Themes
Shared Perspectives 2023 will consider diverse economic and political aspects of the green transition and will seek to identify and develop politically feasible paths to complete the transition.
Can the green transition be pro-competitive and market-friendly?
How can market forces be directed towards sustainability? The energy transition has revived old polemics about “state vs. markets”. Closing the enormous externalities associated with environmental problems requires putting a price on pollution such as carbon. Yet pollution pricing is insufficient by itself, and industrial policy is also required. According to this view, to be induced to pursue green decisions firms must be confident that everything else falls into place: infrastructure, networks, human skills, research output, current and future regulations, et cetera. For example, the US Inflation Reduction Act plans to allocate $ 369bn to the largest industrial policy response to the global climate crisis to date. The EU will respond with its own Net-Zero Industry Act. Will strategic planning by governments lead us to a new age of Leviathans, or can it be reconciled with entrepreneurial risk-taking? What role remains for carbon pricing, as governments focus on industrial policy?
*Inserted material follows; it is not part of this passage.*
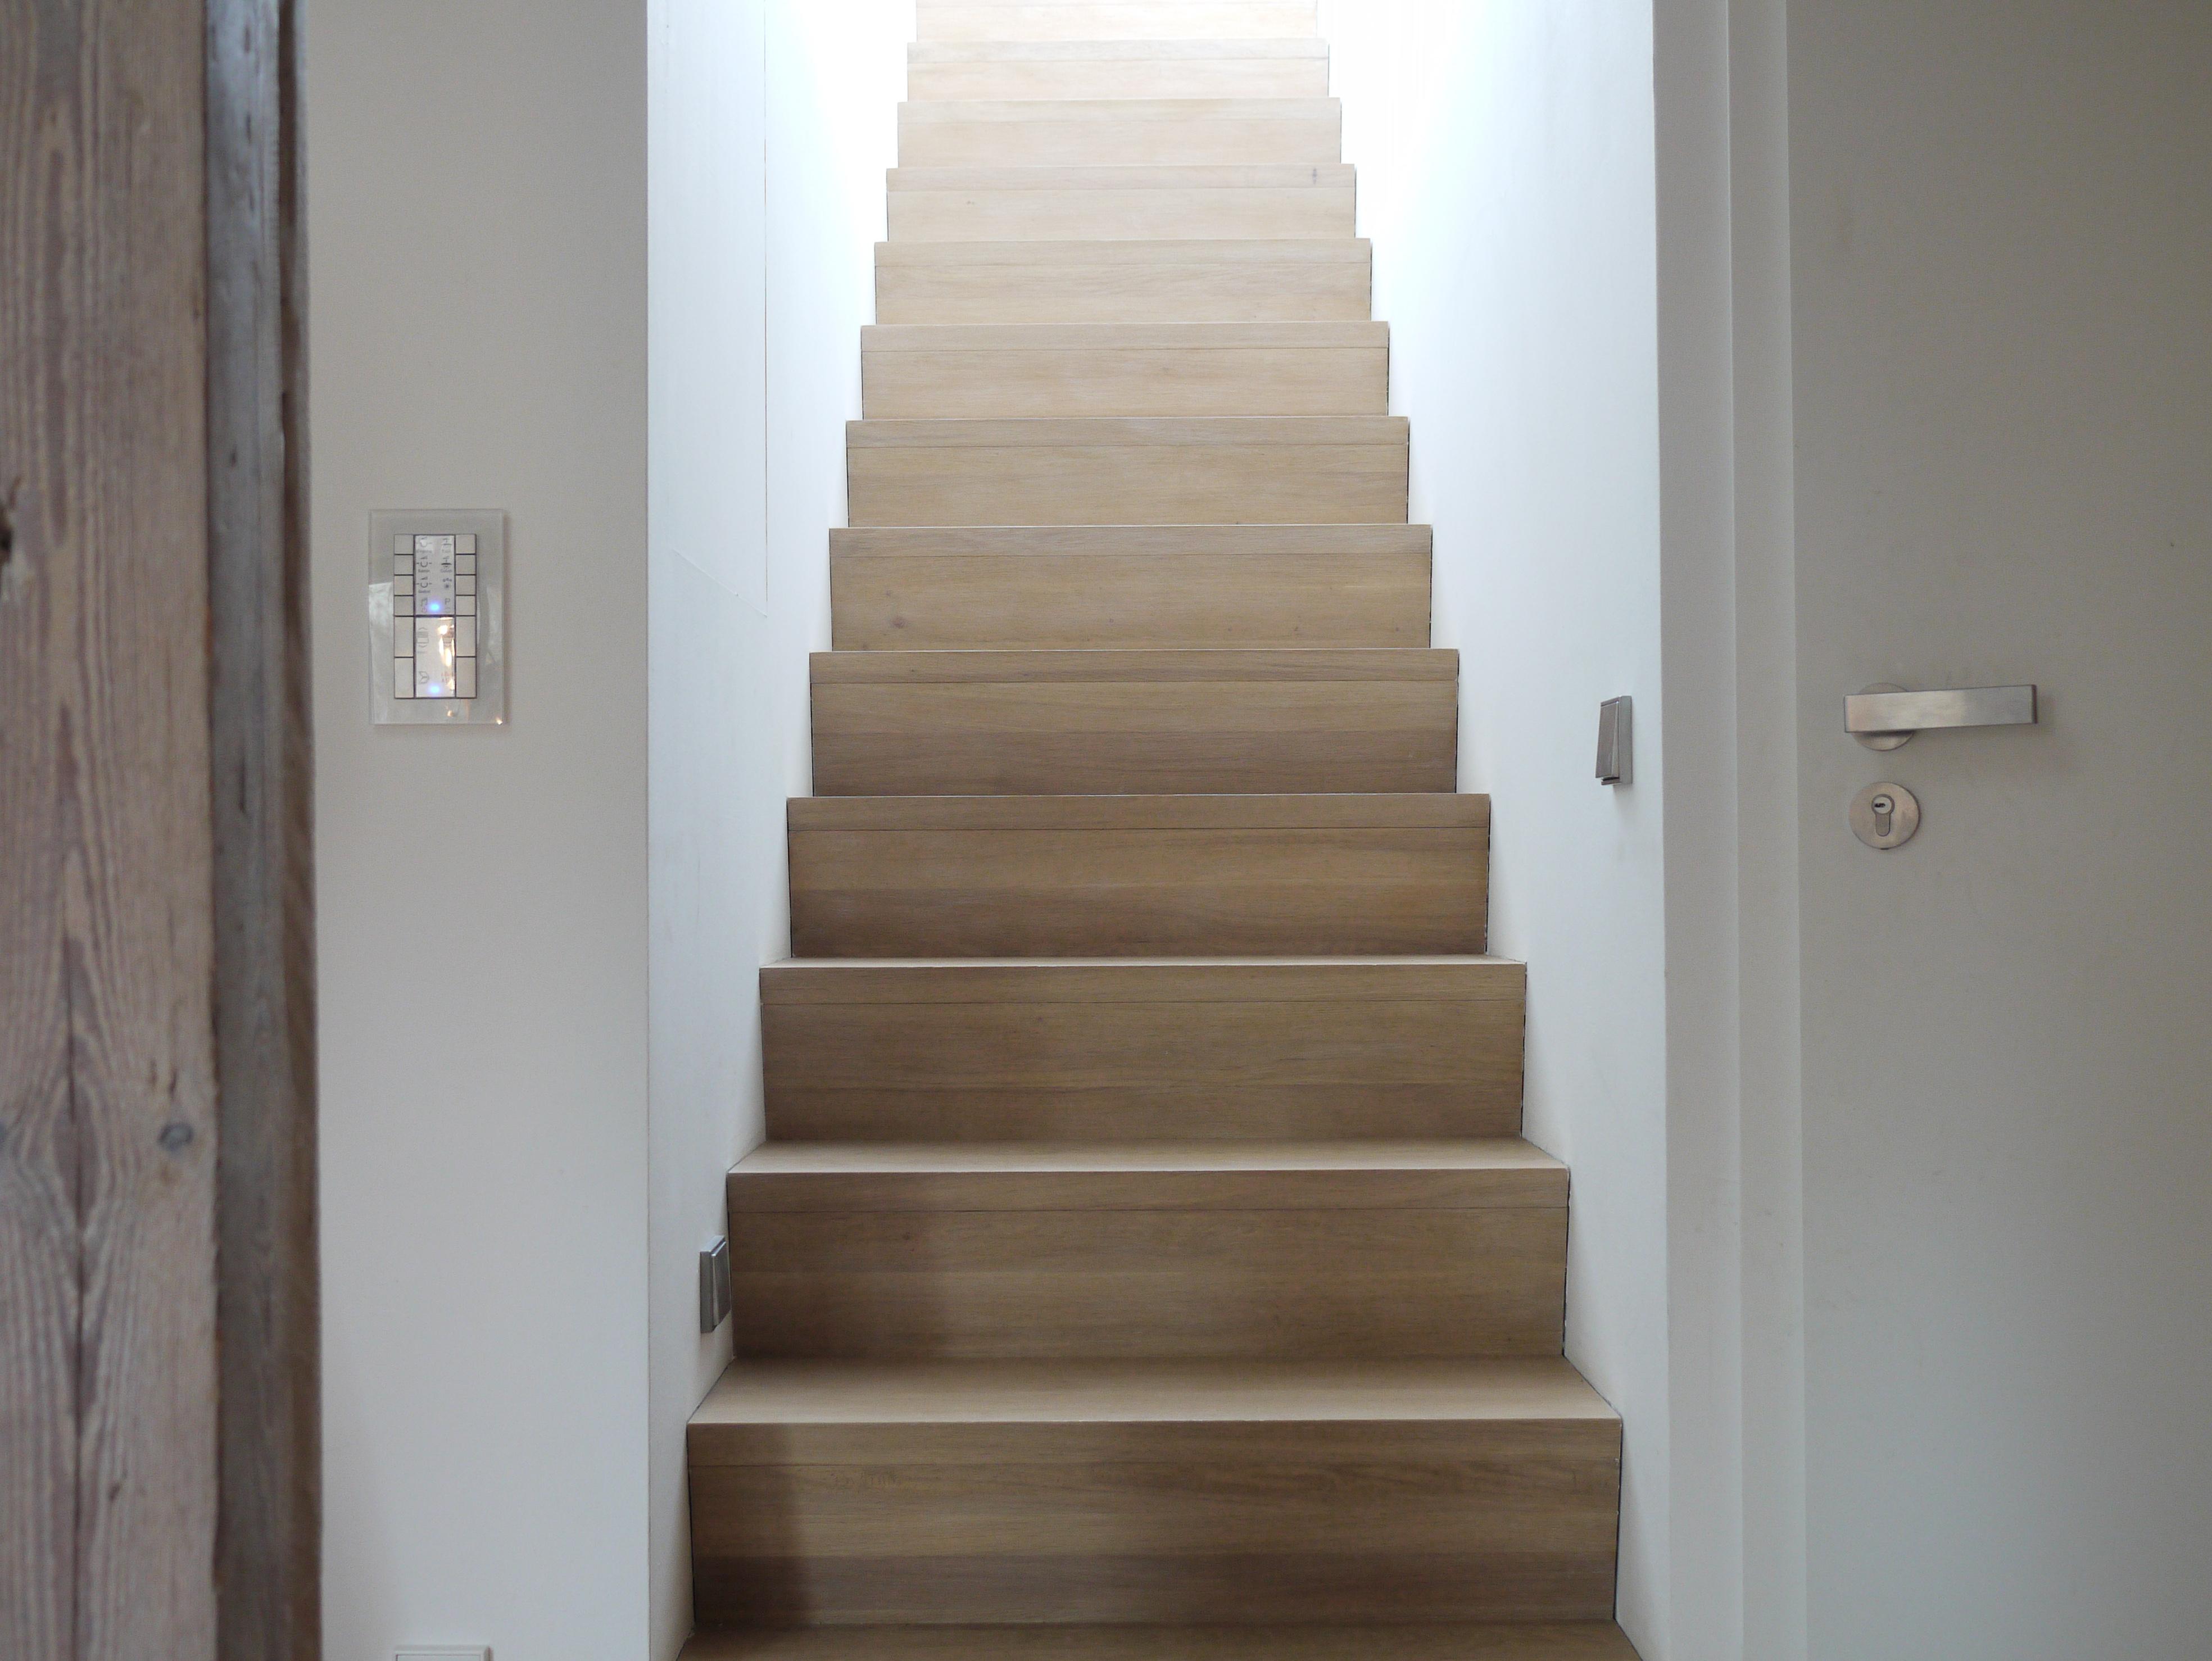 Minimalistische Treppe zur Dachterasse #treppenhaus ©HolzDesignPur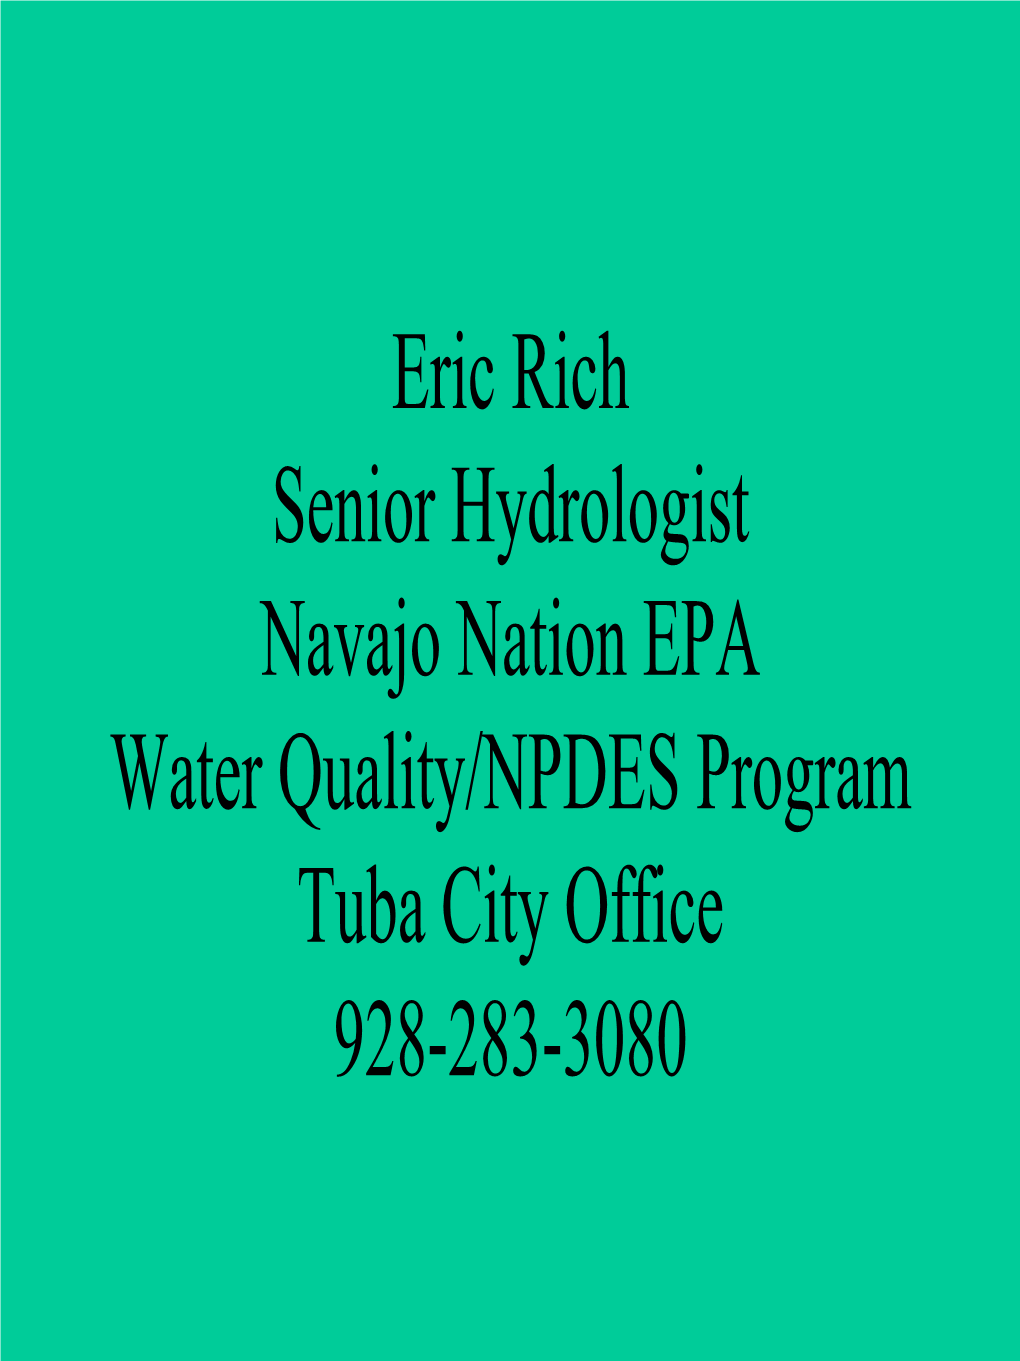 Navajo Nation Environmental Protection Agency

Will sustainability deter or spur economic growth?
The green transition will lead to an upheaval in every aspect of our economies. Shedding assets and jobs will reduce growth, but then building new infrastructures and producing cheap and clean energy will spur growth, as will the avoidance of the impacts of climate change. Which effect will prevail? Is there a trade-off between growth and green, or a synergy? What climate policy should we choose if we do not know the answer? Perhaps in the long run we will all be better, but which countries will be sure losers, and which stand to be net gainers in the medium run? Can these trade-offs be improved, and how?
Paying for the green transition: what will be the impact on fiscal policies?
Governments budgets are strained and debt levels have surged after the Covid-19 recession and the security crisis in Europe. At the same time, central banks have resumed fighting inflation, adding a further threat to debt sustainability. Yet the energy transition will place new burdens on fiscal policies. How can we pay for the green transition without compromising fiscal sustainability? The question is particularly delicate for the eurozone, where countries lack monetary sovereignty, fiscal sovereignty is decentralised, transfers between member states are frowned upon and the ECB’s role as the monetary backstop is untested.
How can the costs of the green transition be made politically and socially acceptable?
With the green transition, assets will be stranded, factories will close, jobs and markets will be lost. To be acceptable, the energy transition must also be “just”. But providing social insurance will be costly, and targeting assistance towards (re)employability will be difficult, and not always feasible. Who is entitled to this insurance, and who will pay for it? Political acceptability may require compensating wealthy asset owners, running against social acceptability. International transfers are even more difficult politically. Which countries will need to be compensated, by which other countries and how? Can such compensation be made incentive-compatible?
Will the green transition foster global cooperation or division?
Global pollution externalities like carbon dioxide require global cooperation for their efficient control. Yet considerations of geopolitical security and supply-chain resilience have prompted a new emphasis on friendshoring. With the recent adoption of the IRA in the USA and the proposed adoption of CBAM and of the Net-Zero Industry Act in the EU, many commentators have begun to equate the energy transition with renewed protectionism. Is this unavoidable, or can sustainability be achieved as a cooperative effort among countries? Can Europe strategically lead climate negotiations to incentivise cooperation by other international players, and how? And will cooperation be reached – if at all – just within the club of rich countries or can other countries be induced to join?
Will the energy crisis help or hurt in the energy transition?
The war in Ukraine has been suggested to accelerate the energy transition. The increased cost of gas and the decision to reduce imports of fossil fuels from Russia have failed to lead to the economic doomsday first predicted. Yet if Europe replaces Russian gas with coal or with liquefied natural gas, carbon emissions will increase. How will we manage the intermittency problem of solar and wind power in the absence of cheap natural gas? What do we learn from the energy crisis? How can we ensure our responses to it will also accelerate the green transition?